Provider Env (or fallback) Required extra
Deepgram MAVEN_DEEPGRAM_API_KEY, then DEEPGRAM_API_KEY
OpenAI TTS OPENAI_API_KEY, then MAVEN_OPENAI_API_KEY, then provider.apiKey (for OpenAI-type providers)
ElevenLabs MAVEN_ELEVENLABS_API_KEY, then ELEVENLABS_API_KEY ELEVENLABS_VOICE_ID
Cartesia MAVEN_CARTESIA_API_KEY, then CARTESIA_API_KEY CARTESIA_VOICE_ID

Per-provider HTTPS proxies and Cartesia model/version overrides live under speech.<provider> in config; see Reference: Configuration.

Session model

The browser generates a UUID at page load and includes it as ?session=<uuid> when dialing /ws/voice.

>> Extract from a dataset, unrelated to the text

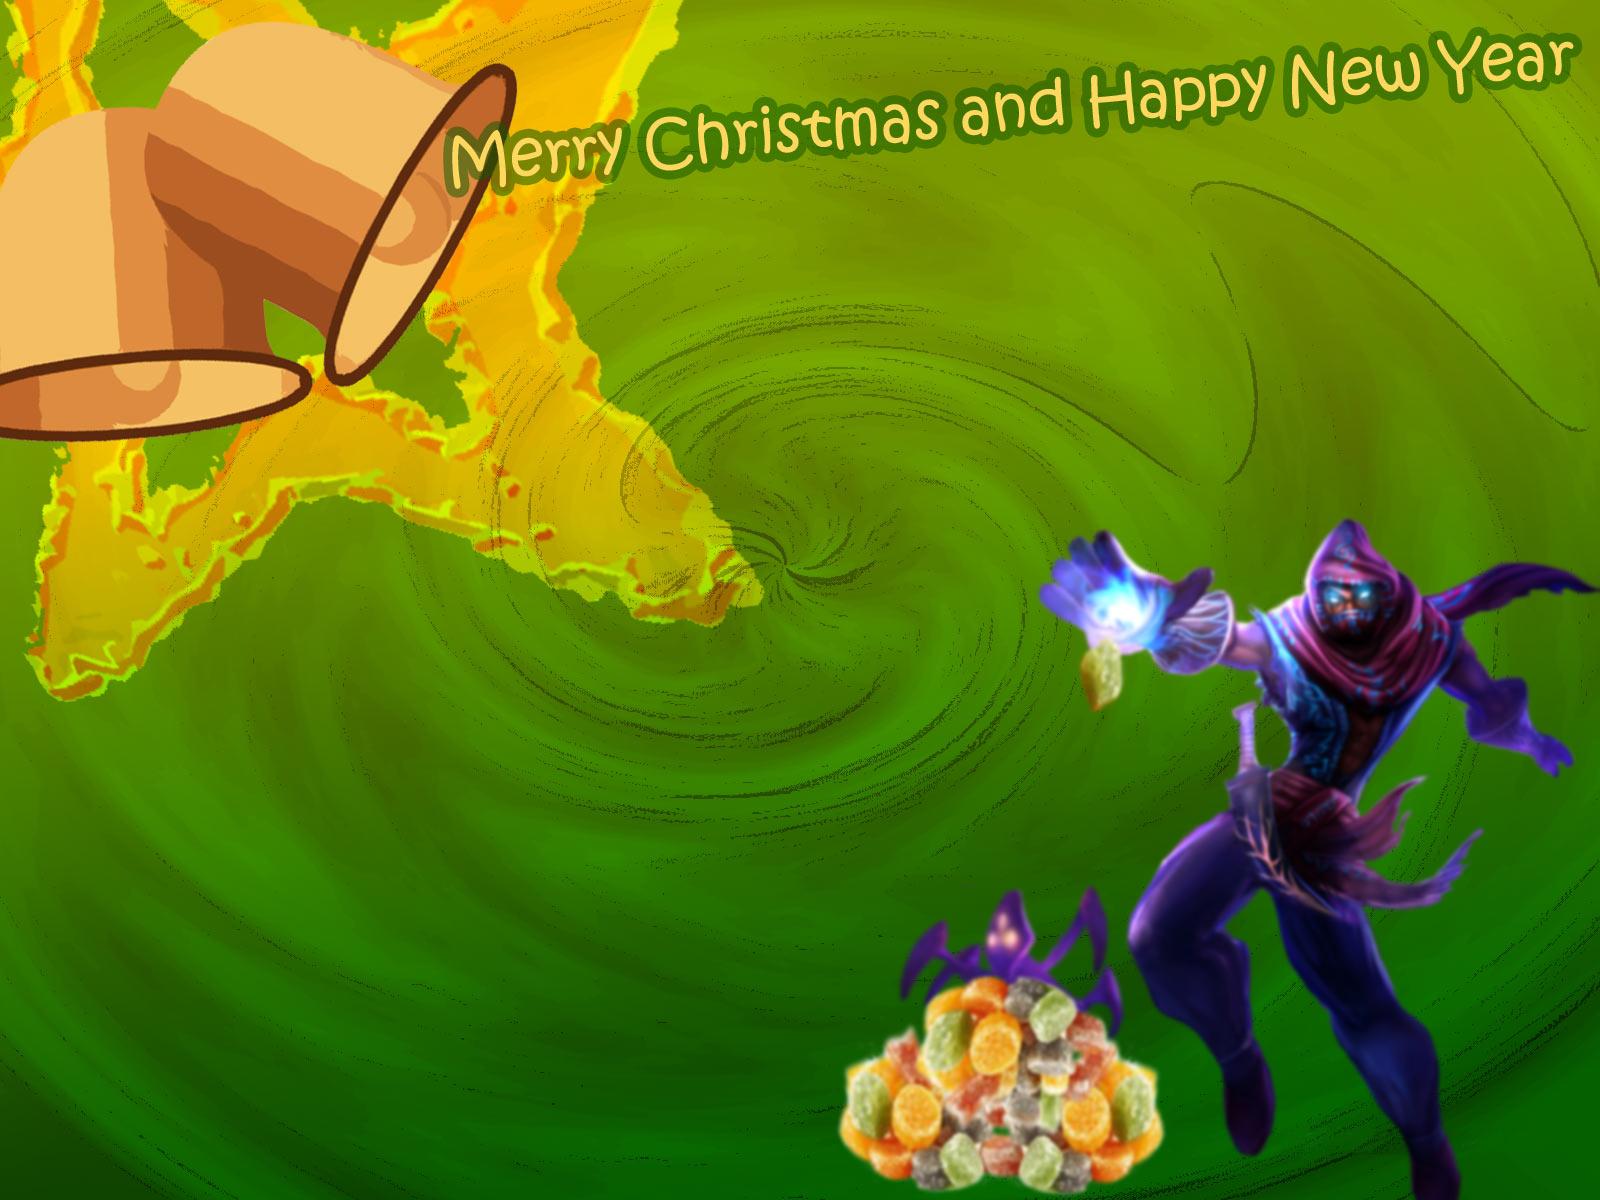 http://1.bp.blogspot.com/_L78zEKWCMII/TPGFiqnUDXI/AAAAAAAABGE/GkIC8oZQvj0/s1600/Malzahar+Christmas+Card.jpg

The voice transport resolves that into a Maven session via wsession.ResolveMavenSessionID. Voice turns share session history with the Web UI text chat.

Voice activity detection

A simple RMS threshold on the inbound PCM triggers barge-in: in-flight TTS aborts, the browser drops its playback queue, and the new transcript starts a fresh agent turn.

Sentence segmentation

Streamed model output is buffered into a kernel/voice segmenter that takes complete sentences (ending in ., !, ? before whitespace) up to a maximum of 800 runes. Each sentence becomes a TTS request. This trades a small first-utterance latency for fewer TTS round-trips and natural prosody.

Provider files

Plugin Implements
internal/plugins/voice/deepgram STT (live WebSocket) + TTS (HTTP streaming).
internal/plugins/voice/openai TTS only.
internal/plugins/voice/elevenlabs TTS only. Requires ELEVENLABS_VOICE_ID.
internal/plugins/voice/cartesia TTS only. Requires CARTESIA_VOICE_ID.

Failure modes

  • Missing credentials at startup → provider registration returns nil → factory error at first use ("openai api key is empty"). The Web UI voice button still appears but the WebSocket closes immediately.
  • Browser without AudioWorklet support (very old browsers) → graceful failure, logged in console.
  • Network drop during TTS → partial audio plays; the next sentence retries the HTTP call.

Disable

Set channels.web.voice.enabled = false. The mic button stays hidden and /ws/voice is unregistered.